ChasPos <- subset(Boston, chas == 1)
There are 35 observations that bound the Charles river.
summary(Boston$ptratio)
## Min. 1st Qu. Median Mean 3rd Qu. Max.
## 12.60 17.40 19.05 18.46 20.20 22.00
The median pupil-teacher ratio is 19.05.
Boston <- data.frame("CTract" = c(1:length(Boston$crim)), Boston)

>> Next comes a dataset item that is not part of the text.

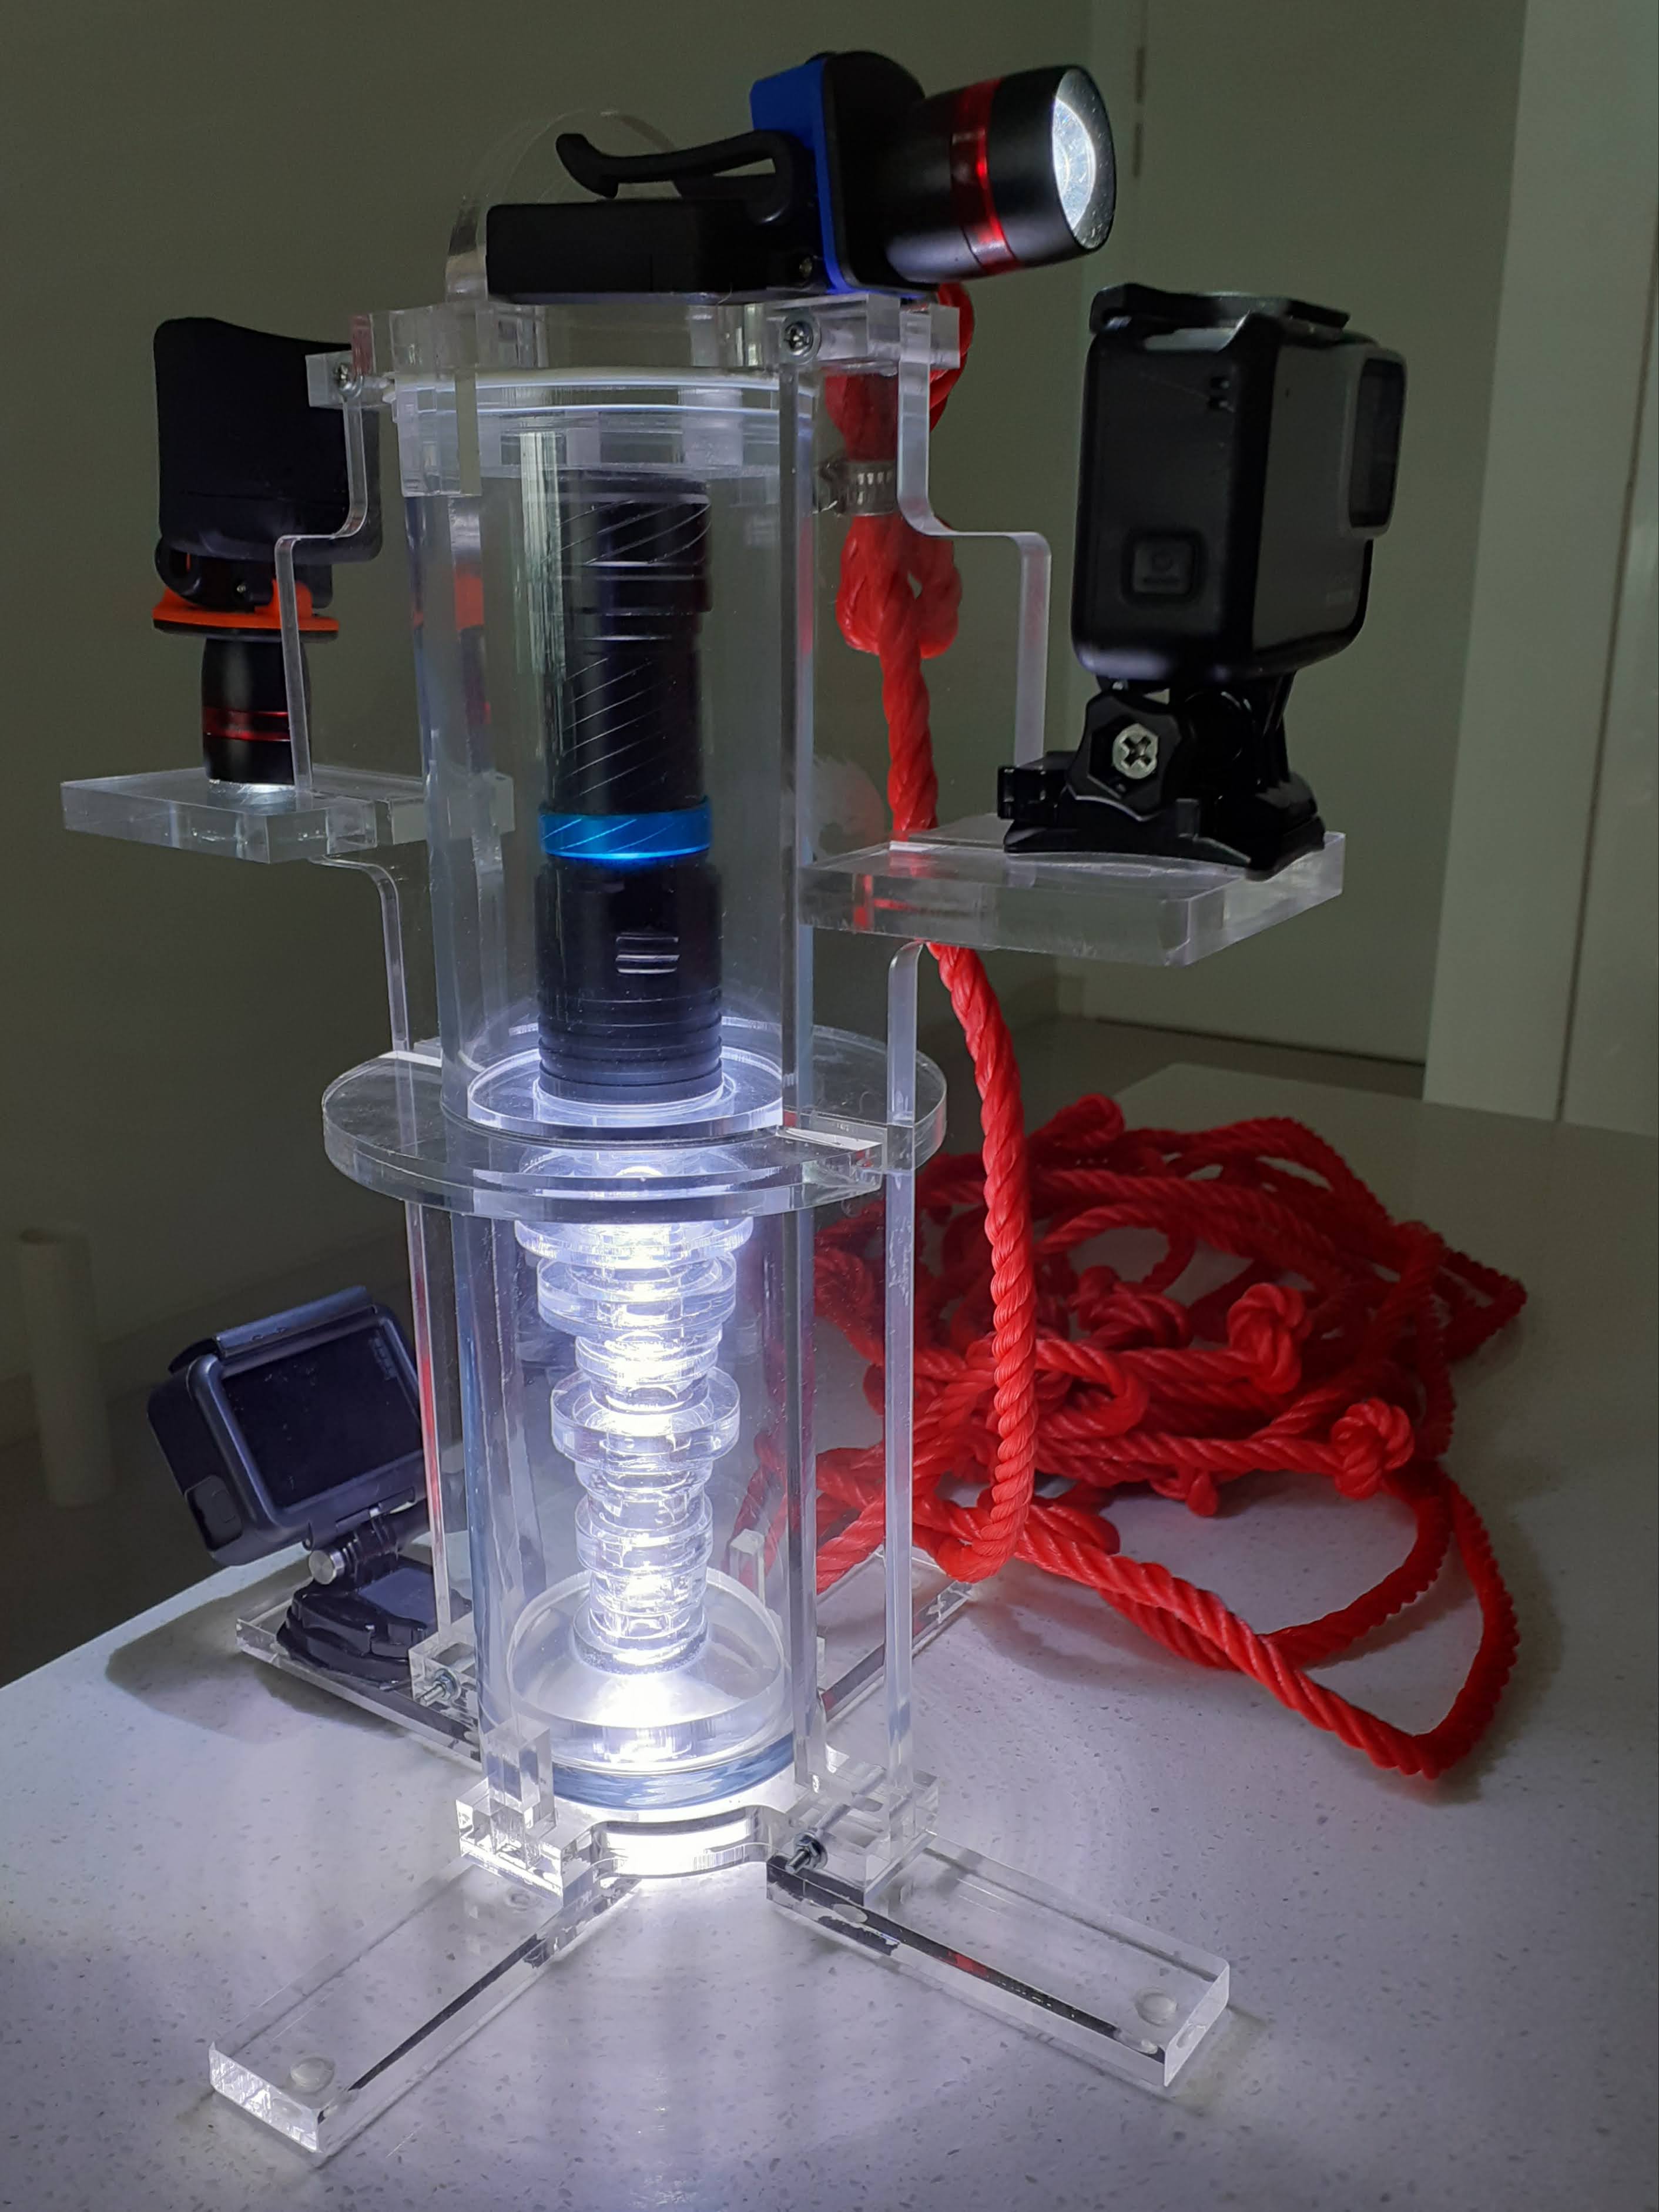 An Introduction of the Underwater Observatory MAR-70 for monitoring water pollution levels

filter(Boston, medv == min(medv))
summary(Boston$crim)
## Min. 1st Qu. Median Mean 3rd Qu. Max.
## 0.00632 0.08204 0.25651 3.61352 3.67708 88.97620
Census Tracts 399 and 406 have the lowest median value, 5. For these two census tracts, most of the values are similar with the exception of crime, which is much lower per-capita rate for tract 399. Both of these, however, have a high per capita crime rate variable than the rest of the data set, as shown below.

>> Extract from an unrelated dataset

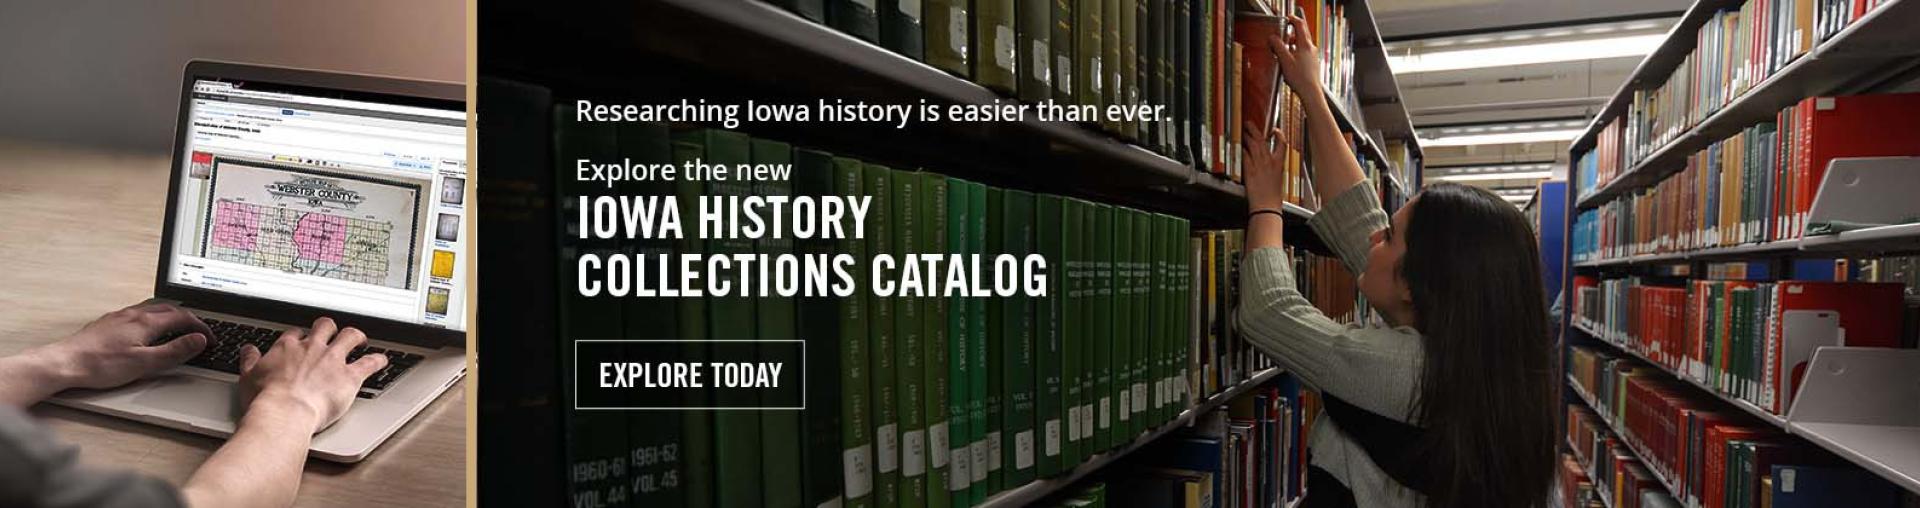 Iowa History Collections Catalog

MoreThan7Rm <- subset(Boston, rm > 7)
MoreThan8Rm <- subset(Boston, rm > 8)
There are 64 census tracts that overage more than 7 rooms per dwelling and 13 census tracts that average more than 8 rooms per dwelling. There are significantly less census tract that average more than 8 rooms per dwelling, a difference of 51.